There were some pretty rare (incorrect) syntaxes that Babel happily parses and SWC fails on. Those are pretty easy to find and fix. We also ran into a syntax being compiled differently by Babel (not adhering to the spec) and SWC (adhering to the spec) that caused a subtle runtime error related to class fields. This one took a few days to debug but it was a good lesson to not rely on Babel's non-standard behavior.

Overall, the migration was pretty straightforward. It took a while since we didn't really force it and did it mostly in a spare time. Also, the amount of setups and stories we had to migrate was abnormally large.

What's Next

The secondary reason why Ladle was created was to make our test automation easier. That's why Ladle has statically analyzable meta parameter and first-class programatic API. We might open-source/release more of it, there are some testing concepts described here.

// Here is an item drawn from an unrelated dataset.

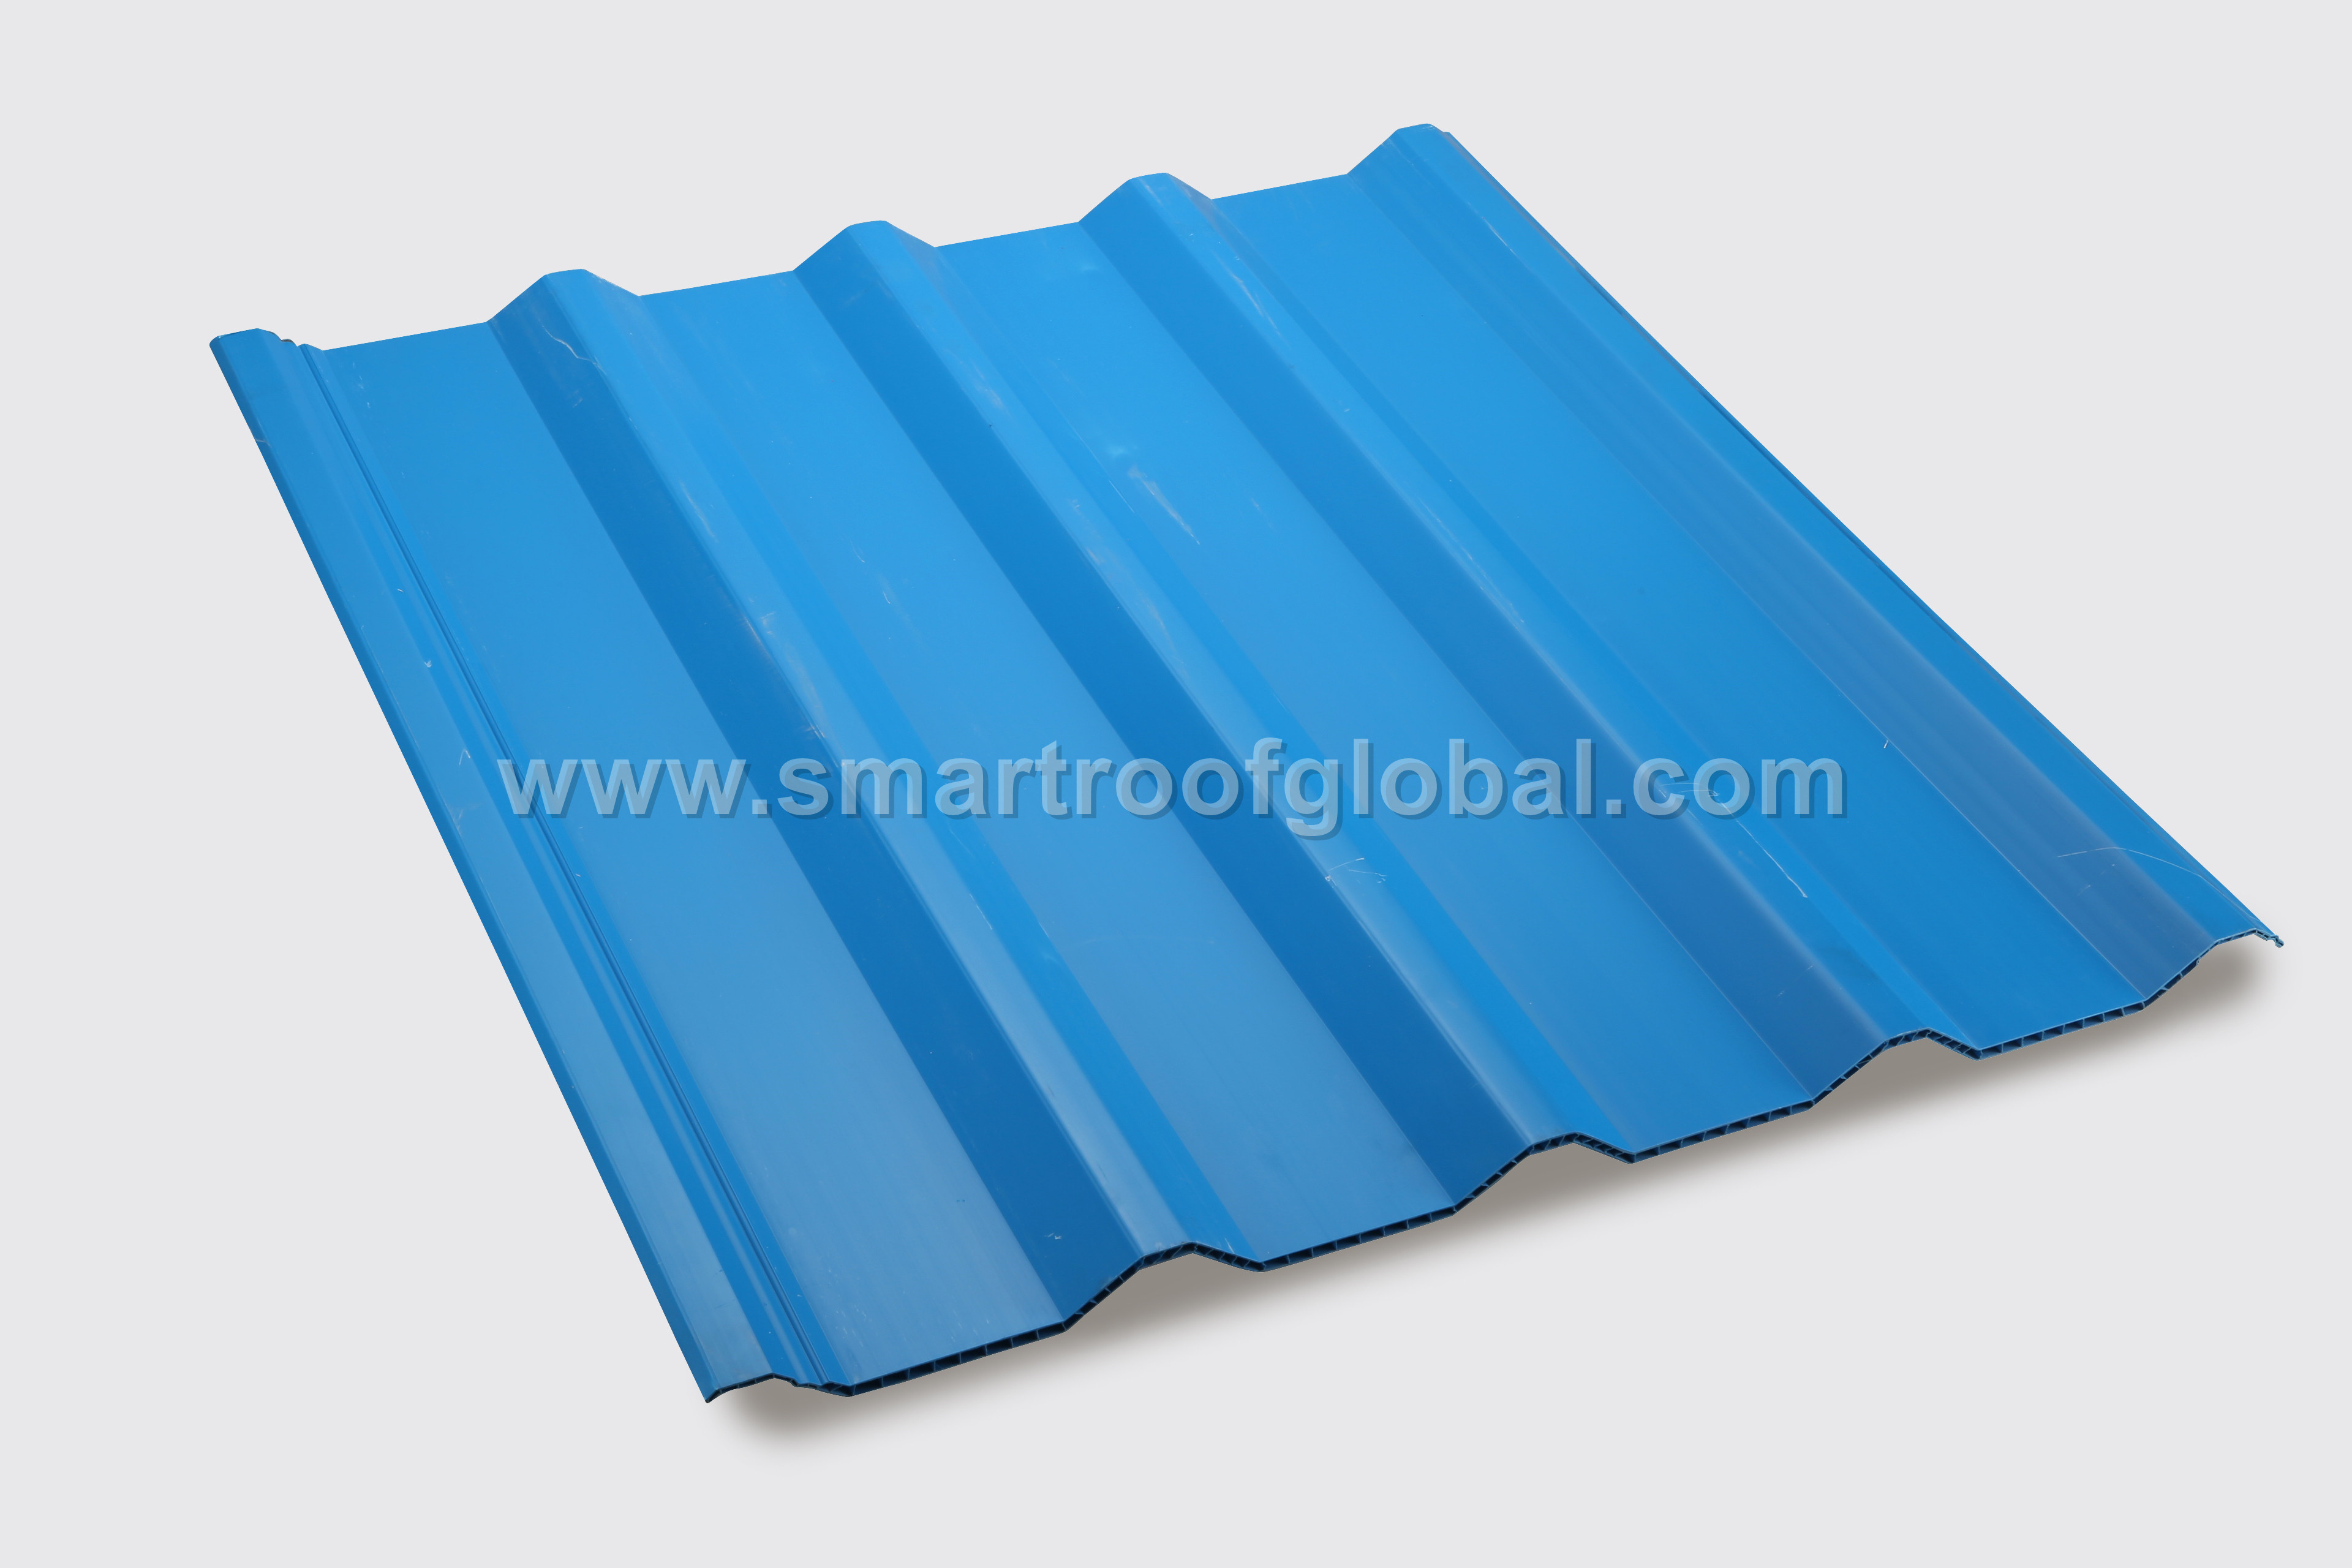 Plastic Roofing Sheets, Corrugated Plastic Roofing Sheets Suppliers

We want to make easier to generate permutations of stories for automated testing. This could mean utilizing typescript types and making some changes to controls API to make it statically analyzable. Ladle also doesn't support component story format 3.0. All these things are somewhat related and we are looking into how to best combine them to improve our internal testing framework.

On the other hand, we have no plans to add support for other frameworks than React since we are React only shop. If you are looking for Vue/Svelte Vite based alternatives, you should try https://histoire.dev/. It is also not our goal to support all the features of Storybook or trying to duplicate its addon ecosystem. Storybook is a great tool and we are not trying to replace it, it's also trying to address some performance issues by introducing vite builder.

Last Words

I extend my gratitude to all the OSS maintainers who've contributed to Ladle's existence. A special thanks to Vite for their continuous support (including Ladle into their ecosystem test suite). Additionally, SWC's emergence as a solid alternative to Babel, courtesy of its recent plugin API, has been instrumental.